Bro Tim your conferment for Bro mason Simmons was awesome, his MM degree was one of the best degrees that I have been to yet. (o: 

On a side note I was finishing up the floors of our lodge Saturday night (still need to seal them) so I was not able to make it out to Salado's award ceremony. 

And a huge congrats to you on recieving the Golden Trowel!!


----------



## chancerobinson (May 1, 2011)

Entered August 2006, age 21.  Passed February 2007, age 22.   Raised March 2007, age 22.
York Rite from January 2009 - August 2009.  AASR in April 2009.  Shrine in September 2010.


----------



## Warrior1256 (Oct 14, 2014)

I am 58 years old and became a MM 04 Aug 2014.


----------



## Zack (Oct 15, 2014)

73   Raised 2/8/77


----------



## Pete Ramboldt (Oct 15, 2014)

I'm 66 and have been a Mason for 41 years.


----------



## mrpierce17 (Oct 15, 2014)

I'm 34 and I was raised September 20th 2014


----------



## dfreybur (Oct 15, 2014)

I took my degrees in 1993 when I was 35.


----------



## Morris (Oct 15, 2014)

28 in 2007


----------



## Curtis Helsley (Oct 15, 2014)

34 in 2014


----------



## BroBook (Oct 15, 2014)

1984,25,healed 2014,55


----------



## Warrior1256 (Oct 15, 2014)

BroBook said:


> 1984,25,healed 2014,55


Brother, I am a new MM and I hope that you will excuse my ignorance but what do you mean by "healed".


----------



## mrpierce17 (Oct 15, 2014)

Warrior1256 said:


> Brother, I am a new MM and I hope that you will excuse my ignorance but what do you mean by "healed".


In Prince Hall masonry when a individual has been entered passed or raised in a lodge deemed to be clandestine by the PH GL he can partition a legally constituted Prince Hall Lodge and request to be healed over into Prince Hall masonry therefore healing what was broken witch in most cases is the linage back to African Lodge #459 our mother lodge and thus to the U.G.L.E.  and if I am wrong about any of this one of you more informed brothers please correct me . The W.M. can then have the candidate wishing to be healed examined and go through the degrees again or just retake his Master Mason  oath and obligation it is at this time the W.M 's will and pleasure


----------



## dfreybur (Oct 16, 2014)

There are clandestine jurisdictions that don't use the words "Prince Hall" in their names.  It's just more common for them to use the words.  So healing could happen in any jurisdiction but is more common in MWPHGLofXX.

A few months ago I was visiting a lodge in my district and the previous meeting a man had presented a dues card from a jurisdiction with "St James" in its name but no "Prince Hall" in its name.  So it happens.  Likely the man had no idea when he petitioned.


----------



## Warrior1256 (Oct 16, 2014)

mrpierce17 said:


> In Prince Hall masonry when a individual has been entered passed or raised in a lodge deemed to be clandestine by the PH GL he can partition a legally constituted Prince Hall Lodge and request to be healed over into Prince Hall masonry therefore healing what was broken witch in most cases is the linage back to African Lodge #459 our mother lodge and thus to the U.G.L.E.  and if I am wrong about any of this one of you more informed brothers please correct me . The W.M. can then have the candidate wishing to be healed examined and go through the degrees again or just retake his Master Mason  oath and obligation it is at this time the W.M 's will and pleasure


Thank you for the information brother, I'm still learning.


----------



## mrpierce17 (Oct 16, 2014)

That's why we are here each 1 teach 1 help 1 another that's the way the GAOTU would want it travel liGht my brother


----------



## Companion Joe (Oct 18, 2014)

I was 22 when I became a Mason.
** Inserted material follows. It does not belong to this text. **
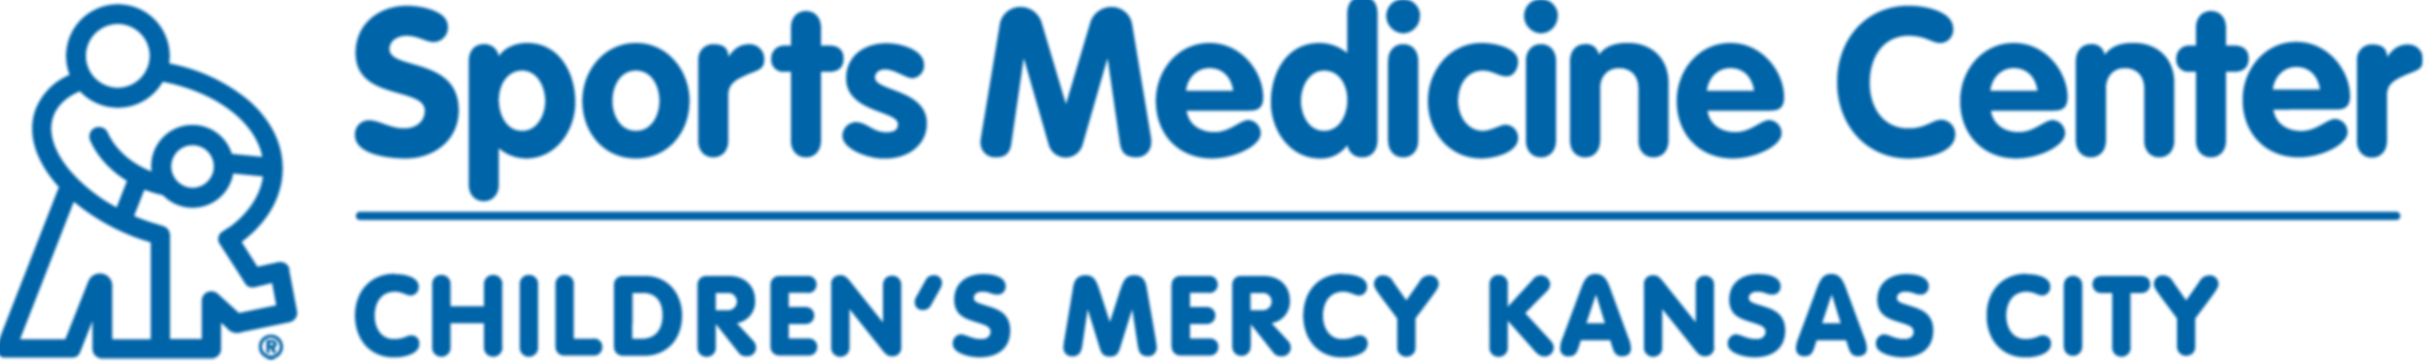 Children's Mercy Sports Medicine

I have been a Mason for 20+ years.
The only reason I didn't join at 21 is because I was in the Navy at the time and waited until I got home.


----------



## okielabrat (Aug 1, 2018)

Wow, not many of us old farts joining late! But the way I look at it, better late than never.


----------



## Warrior1256 (Aug 1, 2018)

okielabrat said:


> Wow, not many of us old farts joining late! But the way I look at it, better late than never.


I was 58 years old when I joined. If I live to be 108 I'll get my 50 year pin, lol.


----------



## CLewey44 (Aug 1, 2018)

33 in 2014 entered


----------



## Warrior1256 (Aug 1, 2018)

CLewey44 said:


> 33 in 2014 entered


Just a whipper snapper! lol.


----------



## CLewey44 (Aug 1, 2018)

Warrior1256 said:


> Just a whipper snapper! lol.


Haha yes sir! My dad was so young when he petitioned; 20 or 21 back in 1975.


----------



## Thomas Stright (Aug 2, 2018)

Was 50 when Raised....


----------